Aurpa Tanjim Taharat, Ahmed Md Shoaib
Department of Data Science, Bangabandhu Sheikh Mujibur Rahman Digital University, Bangladesh.
Department of Computer Science, Boise State University, Boise, ID, USA.
Heliyon. 2024 Feb 5;10(3):e25467. doi: 10.1016/j.heliyon.2024.e25467. eCollection 2024 Feb 15.
Mathematical entity recognition is indispensable for machines to accurately explain and depict mathematical content and to enable adequate mathematical operations and reasoning. It expedites automated theorem proving, speeds up the analysis and retrieval of mathematical knowledge from documents, and improves e-learning and educational platforms.
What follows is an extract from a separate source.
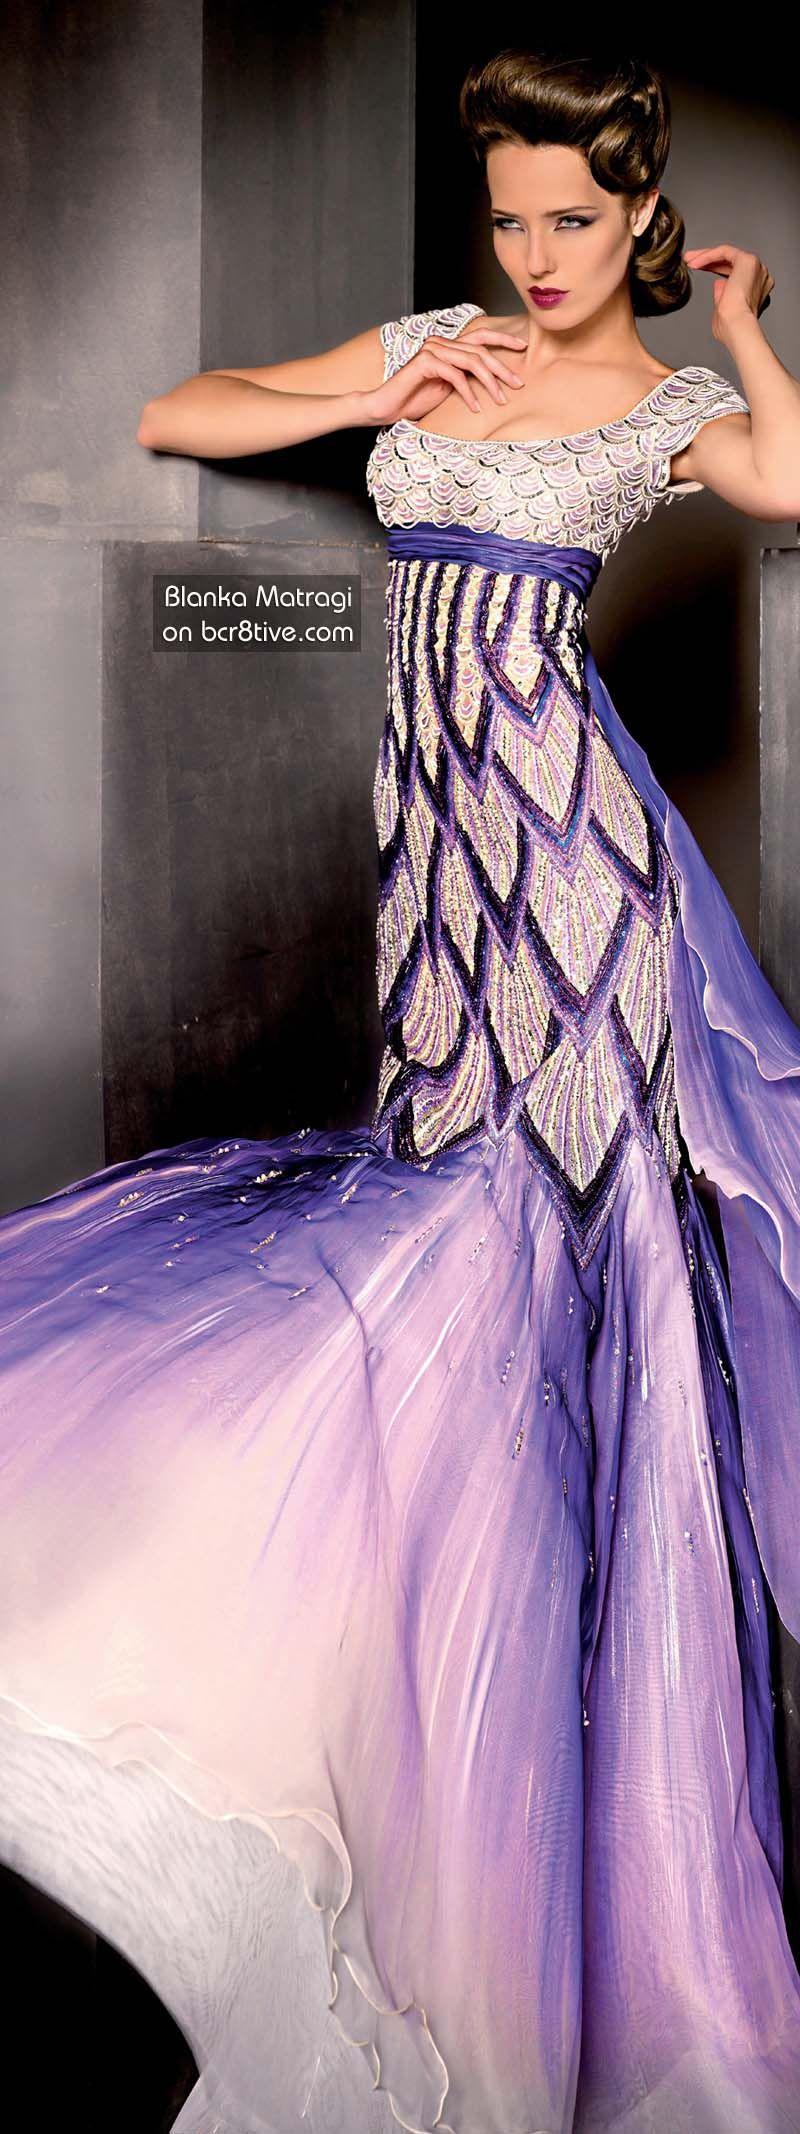 The Versatile Talents of Artisan Blanka Matragi | Pinterest | Alta ...
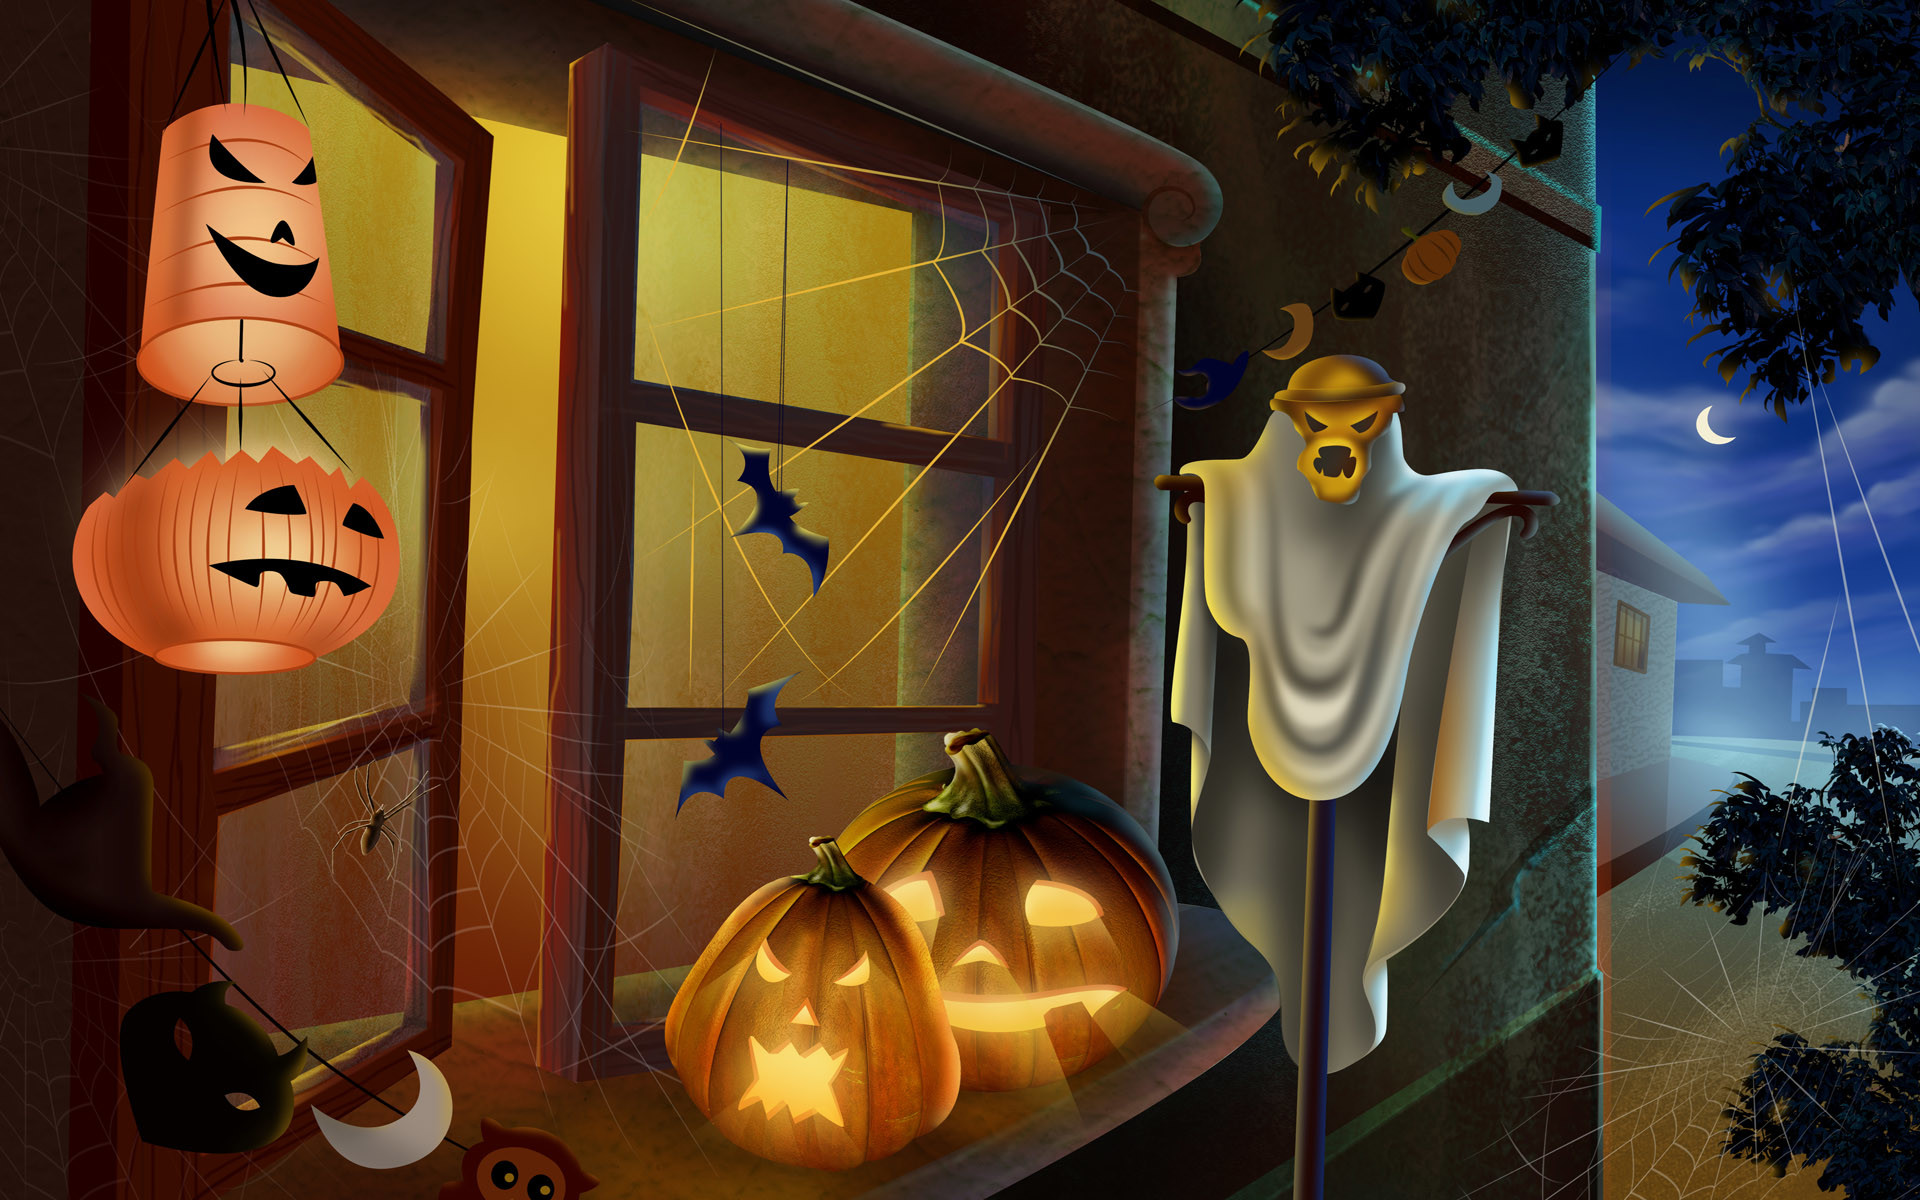 Halloween Desktop Themes | Spooky Halloween Desktop Themes

It also simplifies translation, scientific research, data analysis, interpretation, and the practical application of mathematical information. Mathematical entity recognition in the Bangla language is novel; to our best knowledge, no other similar works have been done. Here, we identify the mathematical operator, operands as numbers, and popular mathematical terms (complex numbers, real numbers, prime numbers, etc.). In this work, we recognize Bangla Mathematical Entity Recognition (MER) utilizing the ensemble architecture of deep neural networks known as Bidirectional Encoder Representations from Transformers (BERT). We prepare a novel dataset comprising 13,717 observations, each containing a mathematical statement, mathematical entity, and mathematical type. In our recognition process, we consider our proposed architectures using accuracy, precision, recall and f1-score as the performance metrics. The results have shown a satisfactory accuracy percentage of 97.98 with BERT and 99.76% with ensemble BERT.
数学实体识别对于机器准确解释和描述数学内容、进行充分的数学运算和推理至关重要。它加快了自动定理证明的速度,加速了从文档中分析和检索数学知识的过程,并改善了电子学习和教育平台。它还简化了数学信息的翻译、科学研究、数据分析、解释及实际应用。孟加拉语的数学实体识别是新颖的;据我们所知,尚未有其他类似的工作。在这里,我们识别数学运算符、作为数字的操作数以及常见的数学术语(复数、实数、质数等)。在这项工作中,我们利用被称为来自变换器的双向编码器表示(BERT)的深度神经网络集成架构来识别孟加拉语数学实体识别(MER)。我们准备了一个包含13717个观测值的新颖数据集,每个观测值都包含一个数学陈述、数学实体和数学类型。在我们的识别过程中,我们使用准确率、精确率、召回率和F1分数作为性能指标来考虑我们提出的架构。结果显示,使用BERT时准确率令人满意,为97.98%,使用集成BERT时为99.76%。